Friday, August 16, 2013

Web Parsing and Custom Alerting

Ok, so this post is about an amazing project in which I did ended up solving a real world problem. Inside, CMU we have this cbdr website is used for putting up research studies happening at CMU campus in which students can participate, and most of them are paid studies. And since everyone specially including me at CMU is almost broke because of the really high education fee (you can never be too greedy CMU ), this website is in high demand during summers.

Now, there are a few bad things about this website, one cannot in any way register for email updates when a study is added, and most of the studies need finite number of participants which are in abundance, so regular FCFS applies. And well even though I was broke, I didn't  really had the time to visit the website 20 times a day. So, I ended up writing a small script which checks if a new study has been added one their website, then send me an email.

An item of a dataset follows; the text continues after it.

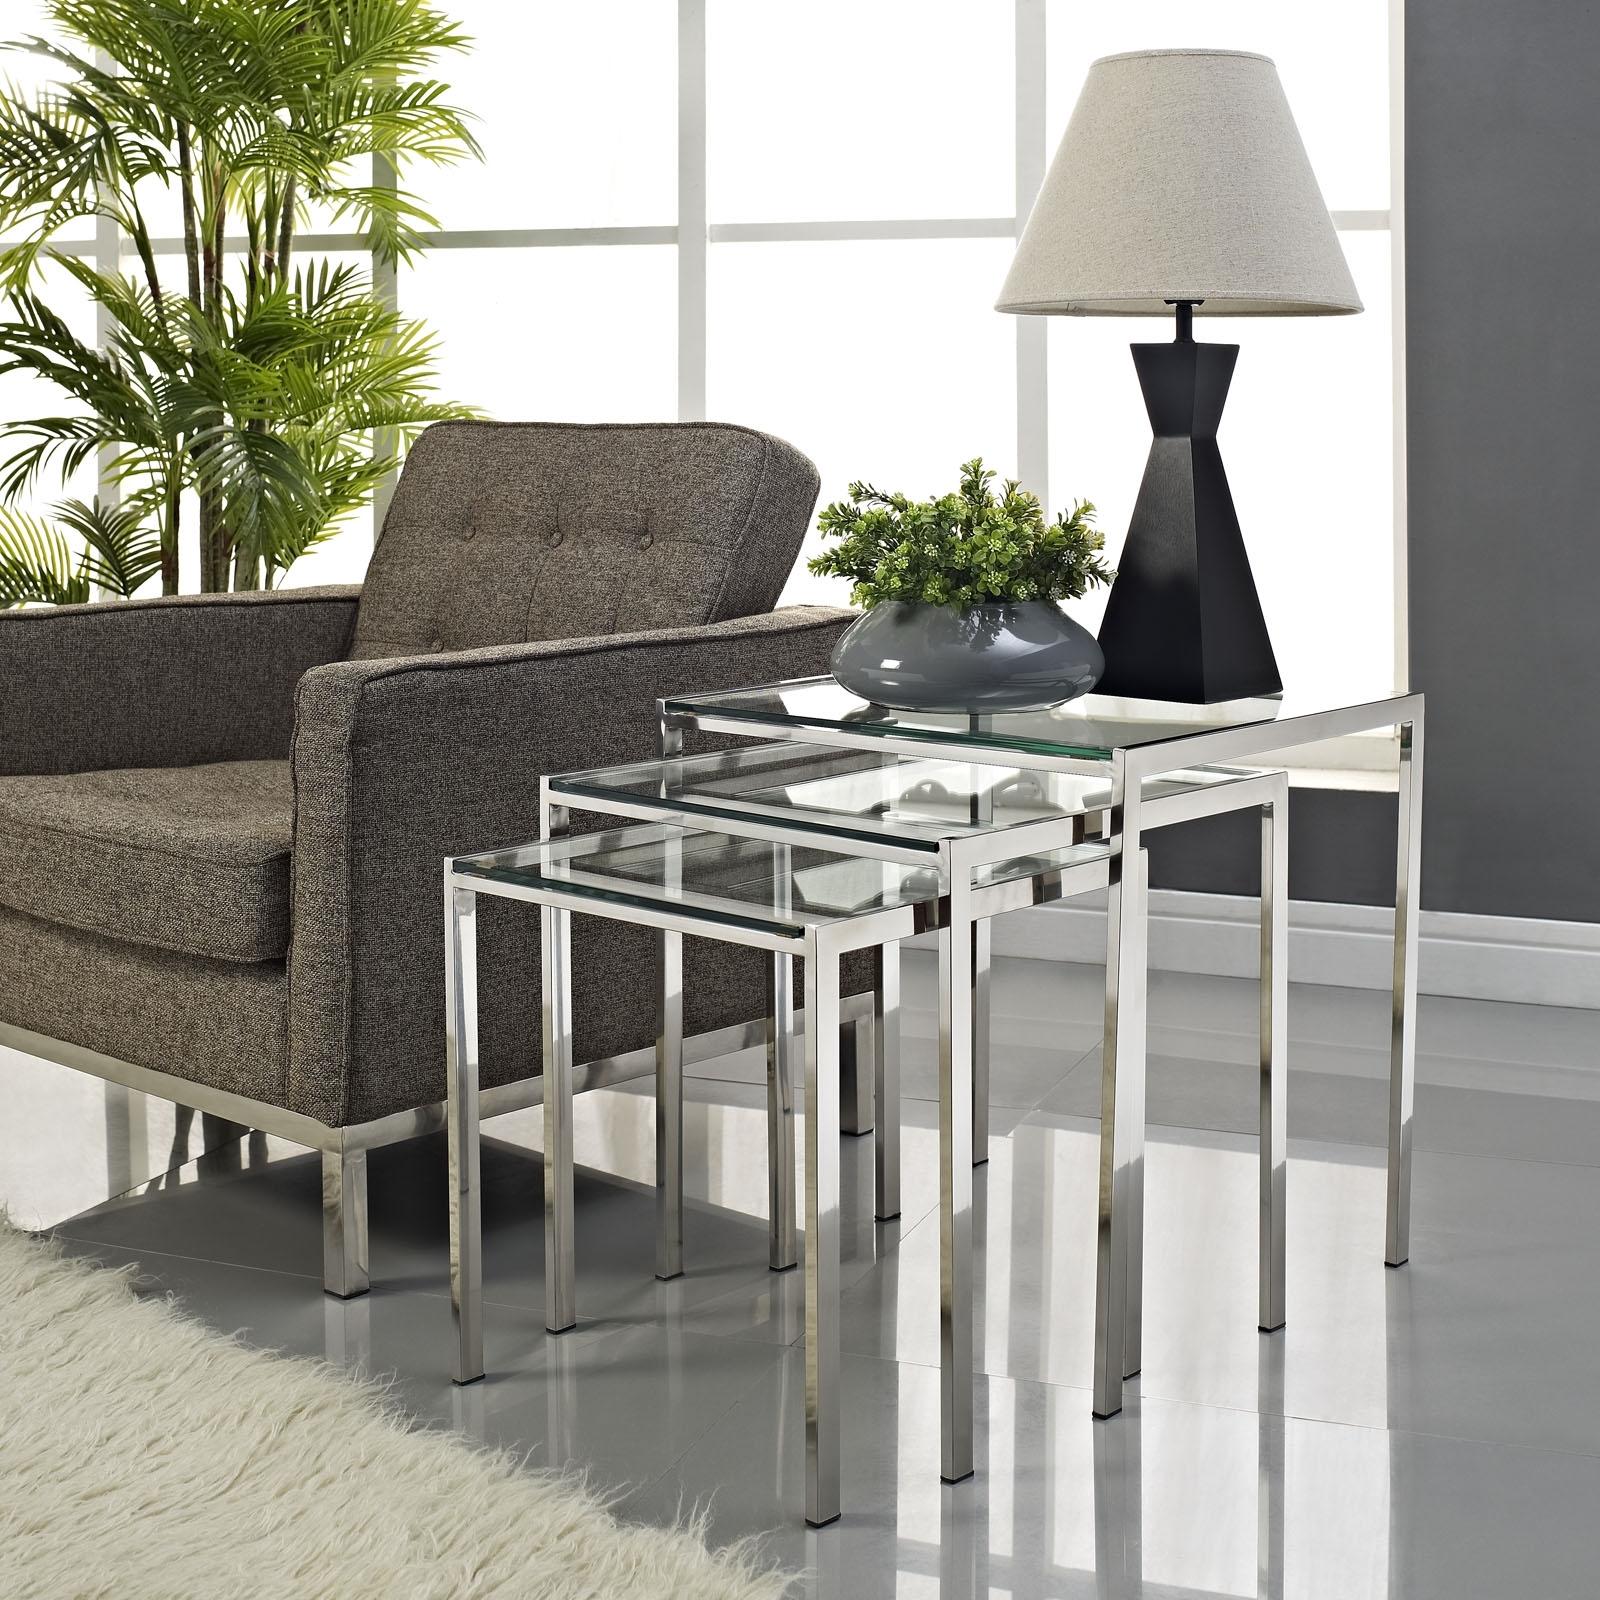 LexMod Nimble Stainless Steel Nesting Table Set

So this script was required to do a few fundamental tasks :

1.) Parse the website automatically periodically after certain interval of time.
2.) Check the current list of studies against a database of studies that I have already been intimated about and notifying me only about the newly added studies.
3.) Send me an email when it identifies a new study has been added.

For the first part I ended up using zombie js module in nodejs, classic headless browser based web parsing and automation. Injecting jquery based code is a bit of a pain with the framework but one can always use the good old Dom objects.

For the database part mongodb was something which was really easy to setup and get working with JavaScript as it can directly add JavaScript objects and retrieve them so no conversion from/to strings. 

And finally for sending emails, Randy at create lab pointed me towards the Linux sendmail command which needs mail utils to be setup, but once that is done one can easily use a shell script to send emails.

For deployment of the script, instead of using my crappy laptop I ended up deploying the script on a t1 micro instance on amazon EC2. Though yes I had to install nodejs, mongodb and mail utils on the EC2 instance but that's fairly straight forward. 

For those of you interested in checking out the code for the same, it is hosted on my GitHub account https://github.com/tanejamohit/Parsing-Alert

Thankfully, now I am the first person to register for any study on CBDR. Sadly as the summer comes to an end, I doubt I will have a lot of time for any of the studies.